The cartridge model’s failure mode is invisible coupling and frozen architecture — the team can’t confidently change the system because the interaction effects between cartridges are undocumented and only discoverable at runtime. The response is organizational: change velocity drops, estimates inflate with “impact analysis” buffers, the platform becomes something the team maintains rather than evolves. New features route around the core platform (”let’s build that in a microservice that calls OCAPI”) rather than extending it, creating a shadow architecture that further increases the total system complexity while leaving the cartridge debt untouched.
That shadow architecture pattern — where the team builds new capabilities outside the platform because modifying the platform is too risky — is the clearest signal that the cartridge model’s debt has reached a tipping point. And it’s extremely common in mature SFCC implementations. You end up with the worst of both worlds: a monolithic cartridge stack you’re afraid to touch, plus a constellation of external services that duplicate state and logic because they can’t safely extend the monolith.
The Core Asymmetry
The service architecture’s costs are upfront and linear — you pay to build each service, you pay to operate each service, and those costs are roughly constant per service over time.

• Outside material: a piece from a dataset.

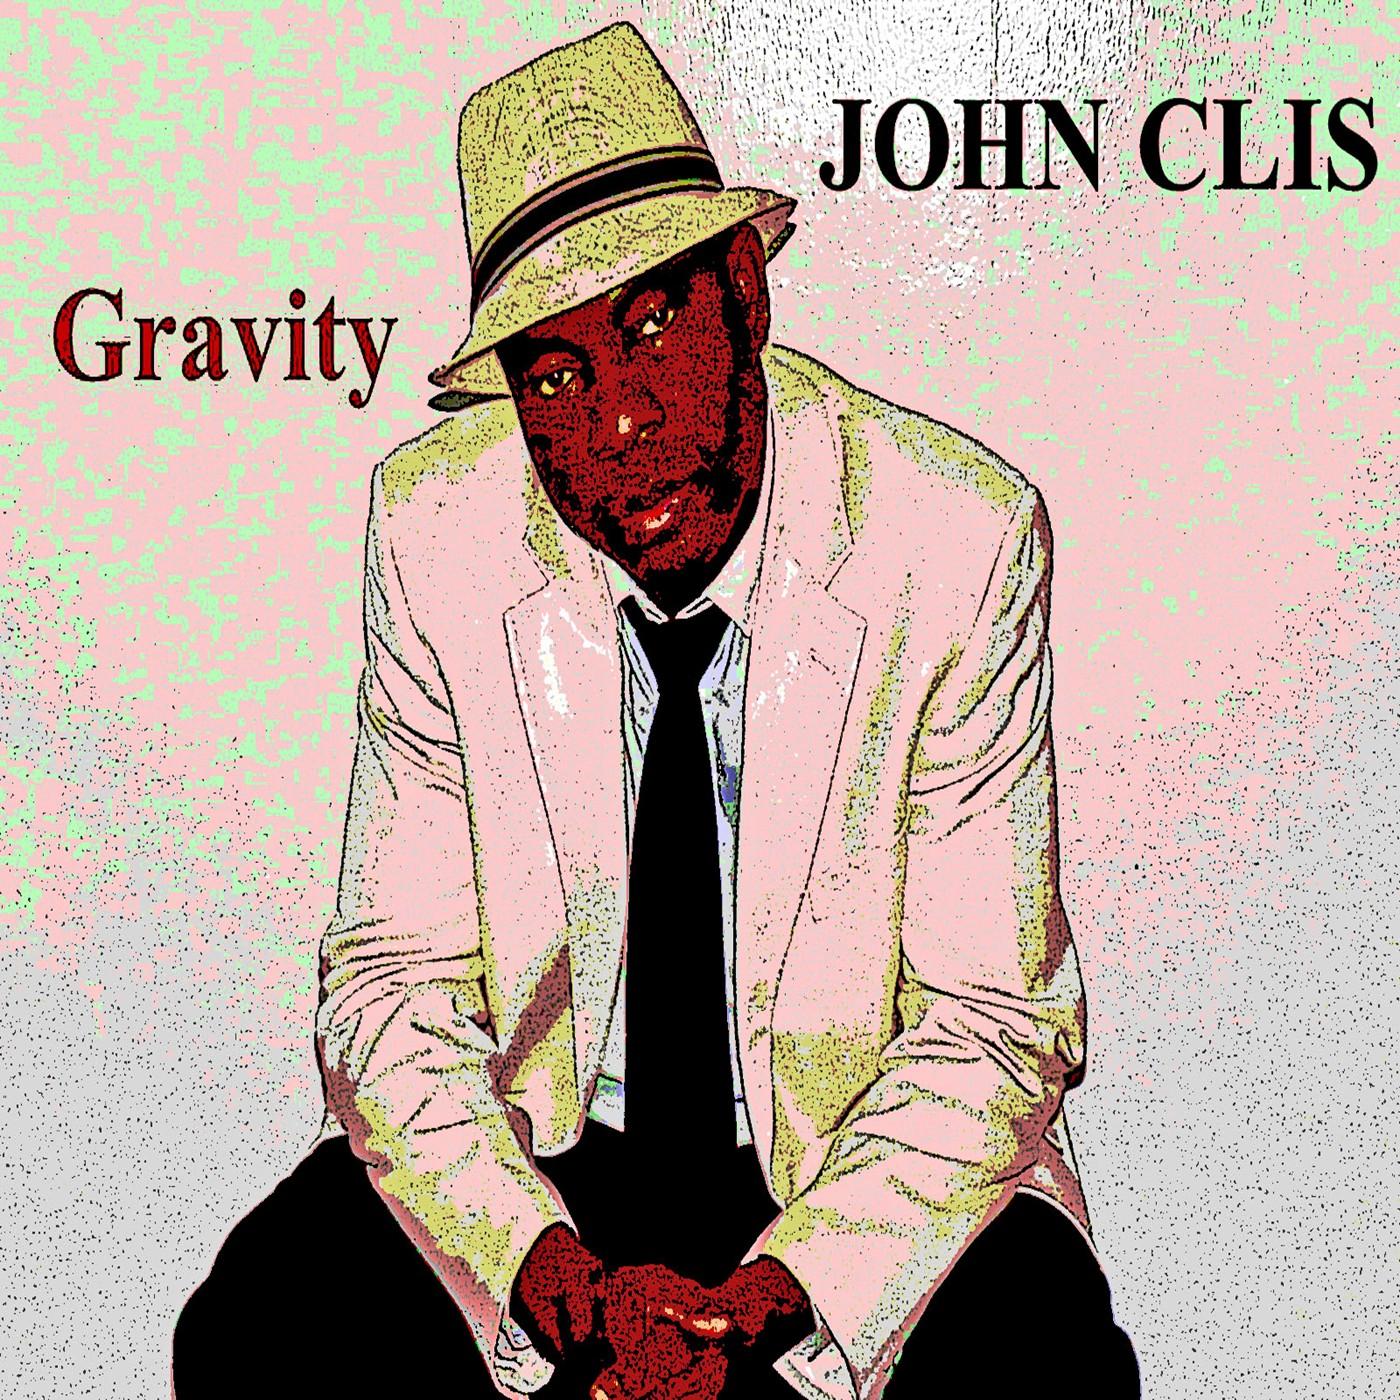 https://0201.nccdn.net/4_2/000/000/046/6ea/JOHN-CLIS-2ND-CD.jpg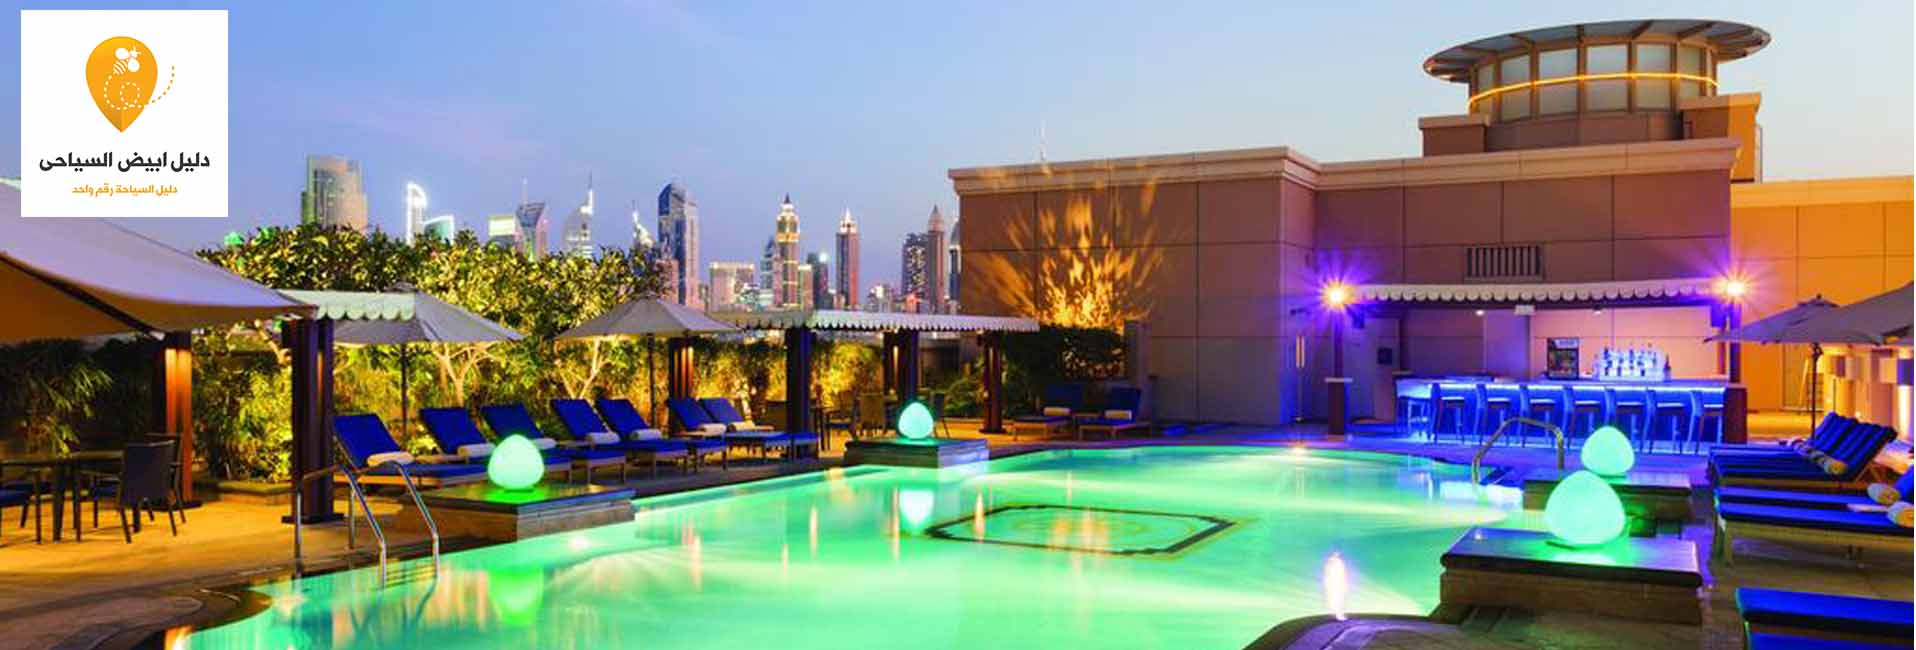 فندق رامادا جميرا دبي

The cartridge model’s costs are deferred and exponential — initial development is fast (override a file, add a cartridge, done), but the cost of every subsequent change increases as the override graph grows, vendor cartridges accumulate, and the distance from the base reference architecture widens. By year three, the accumulated cost often exceeds what the service architecture would have cost to build and operate from scratch — and unlike the service architecture, there’s no clean path to reduce it without a replatform.
That’s the structural argument. The cartridge model doesn’t just create debt — it creates debt with a compounding interest rate that accelerates as the system matures.